Yet, the power itself isn't dormant, and the tendrils actually come from a previous All For One user's quirk. In other words, Deku has the unique capacity to not just take on All Might's strength, but the quirks of all previous One For All wielders, profoundly increasing his power. With so many quirks manifesting and the tendril power, known as Blackwhip, coming under Deku's control as the season concludes, our hero suddenly has many more tools at his disposal.
Let It Flow (Season 4, Episode 23)
"My Hero Academia" fans aren't always happy when the show subverts shonen anime tropes, eschewing the combat and tension for a welcome reprieve from physical conflicts. Some of the show's best moments are found in these digressions, however, and these tender, seemingly inconsequential beats aptly demonstrate why "My Hero" has as many fans as it does.
In "Let It Flow," the school festival is underway. Deku's brief fight with Gentle Criminal reaches a welcome conclusion; had the fight dragged on, it might have felt like overkill. But it doesn't, and Deku returns in time for Class 1-A's festival showcase: a concert performed by the entire class. Bakugo is on drums, Deku dances, and Jiro gets her moment to shine as she performs an original number for the entire school. Special guest Eri even smiles for the first time, thrilling Deku and Lemillion. The entire enterprise is so resoundingly sweet that it's hard to not be won over by its rocking, bopping charm.
His Start (Season 4, Episode 25)
That concert better be nice, because just two episodes later, "My Hero Academia" concludes its 4th season on a grim, disquieting note. The focus shifts to Endeavor and his struggle with being the world's top hero, uncertain of how to best apply the wise words All Might offered earlier in the year. At the same time, the audience is introduced in earnest to Hawks, the second-place hero and the League of Villains saboteur.
A high-end Nomu unlike anything seen before attacks the city, and Endeavor must stop it before it wreaks unimaginable havoc. It's a tense, relentless fight, with Endeavor finding his match in the Nomu's unimaginable strength. However, when all hope seems lost, Endeavor wrestles the Nomu high into the sky, using more power than ever before. The note that the incident ends on is far from celebratory, however. Though Endeavor succeeds, the battle foreshadows the horrors yet to come and hints that hero society might not be capable of withstanding them.
Infinite 100% (Season 4, Episode 13)
The flaws in "My Hero Academia" are incredibly small, but those that do exist can be remarkably irritating. Deku's growing control over One For All propels the show forward, but the peripheral awareness of those around him is sometimes confounding. Take, for instance, Deku's role in defeating Overhaul. That should be a pretty big deal, but, in the aftermath, it generates little more than passing interest.
Still, the moment when, with help from Eri's rewind quirk, Deku sustains 100% of his power is arguably one of the best in the series.
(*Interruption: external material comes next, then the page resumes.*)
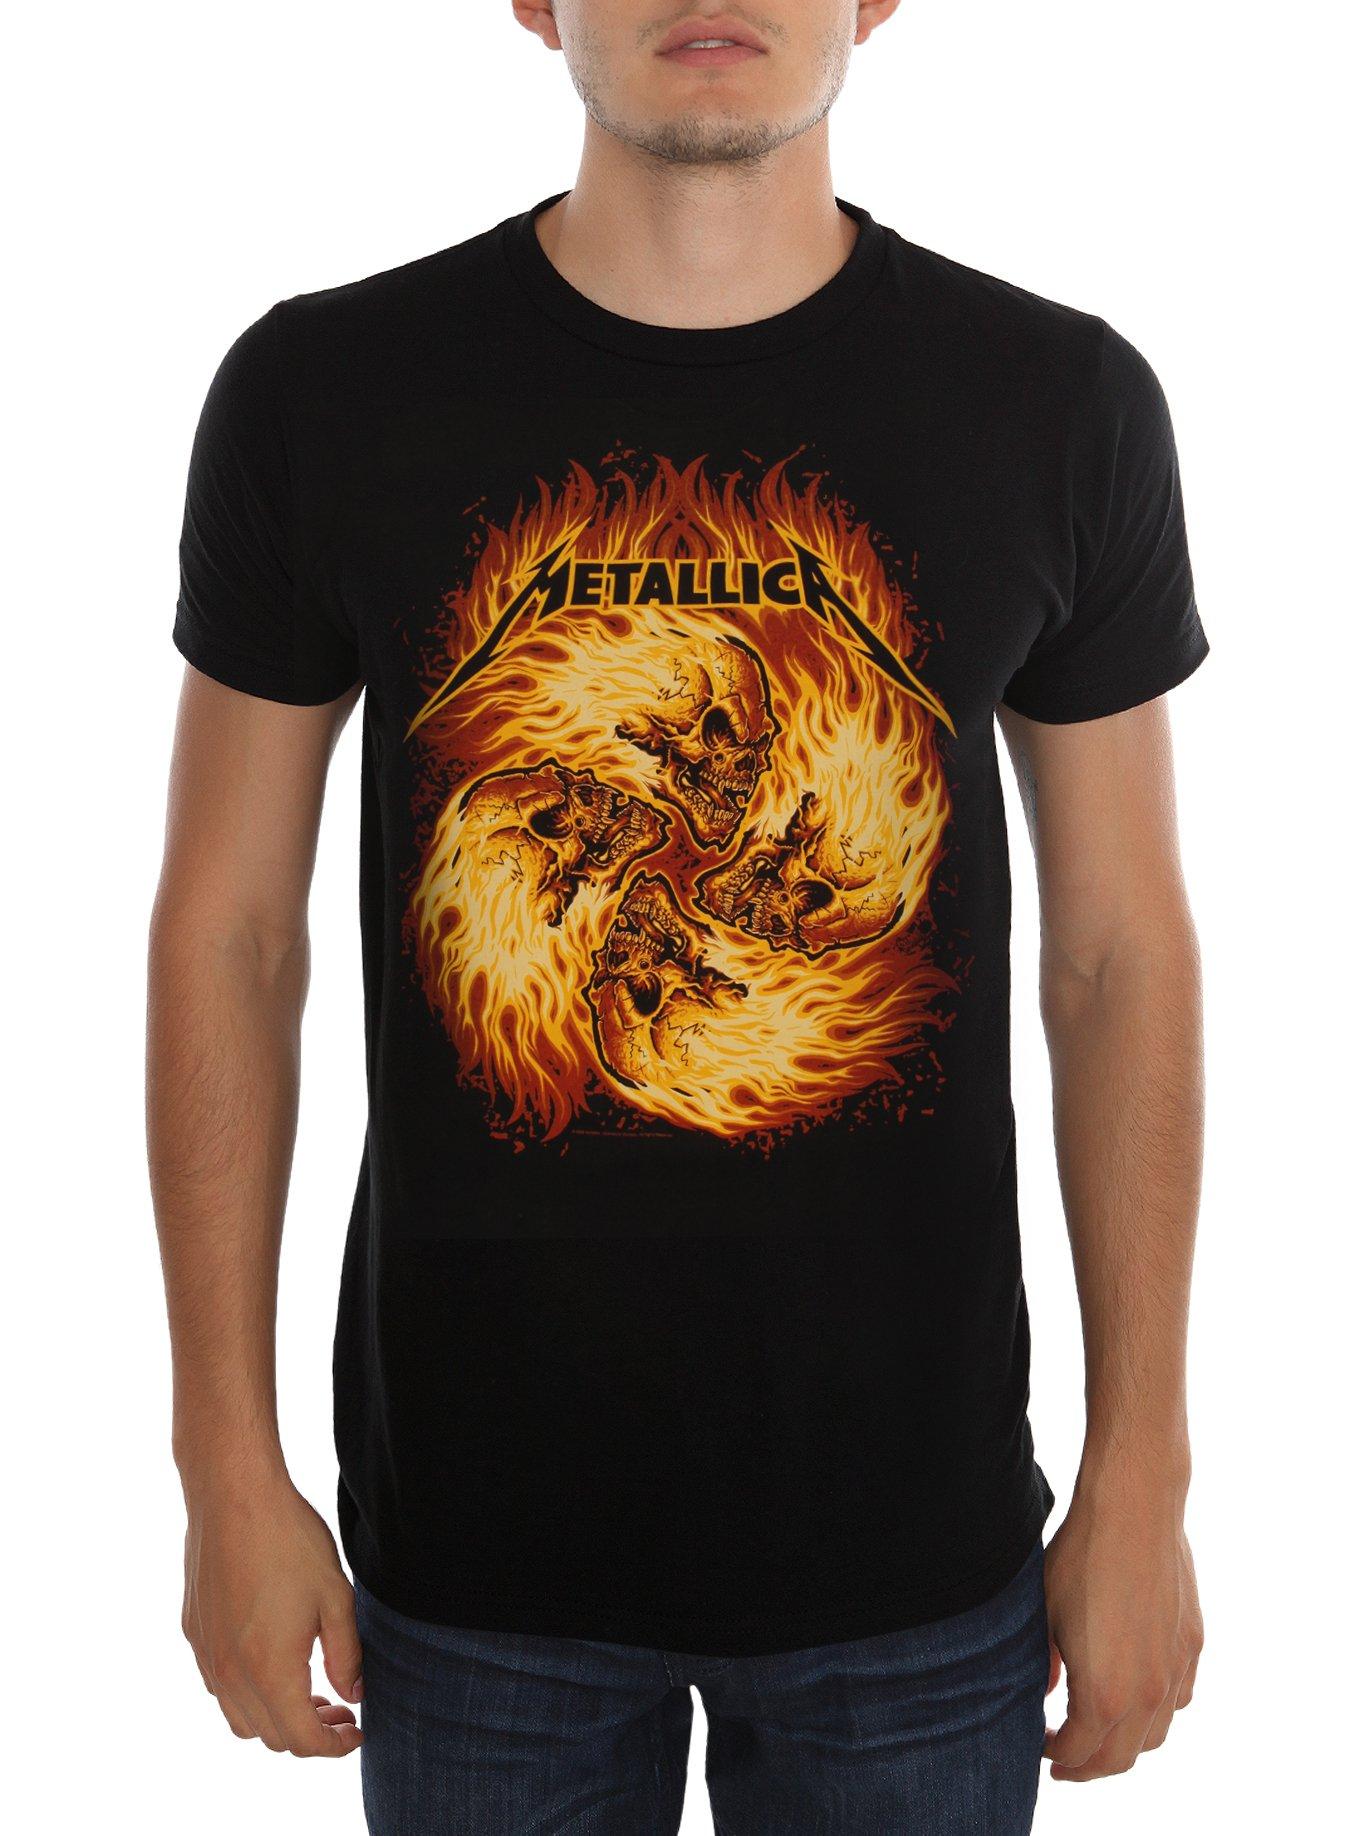 Metallica Flame Skulls T-Shirt, BLACK, hi-res

It's gorgeously animated, profoundly tender, and really cool. Deku is able to defeat an overpowered Overhaul and keep damage to a minimum while freeing Eri from his clutches. It further grounds Deku's development as a hero, proving his willingness to fight without knowing the toll the battle will take on him. It doesn't matter if Deku survives the fight — he's going to save Eri either way.
Tenko Shimura: Origin (Season 5, Episode 23)
At times, "My Hero Academia" goes a bit too far when celebrating its villains. Depiction doesn't equal an endorsement, of course, but "My Hero Academia" isn't especially shy about driving home just how cool its bad guys are. It's not an especially egregious trend, and it's certainly not the only shonen anime to traffic in villainous love (looking at you, "Hunter x Hunter"), but at times this focus can feel at odds with the show's innate thesis that good triumphs over evil.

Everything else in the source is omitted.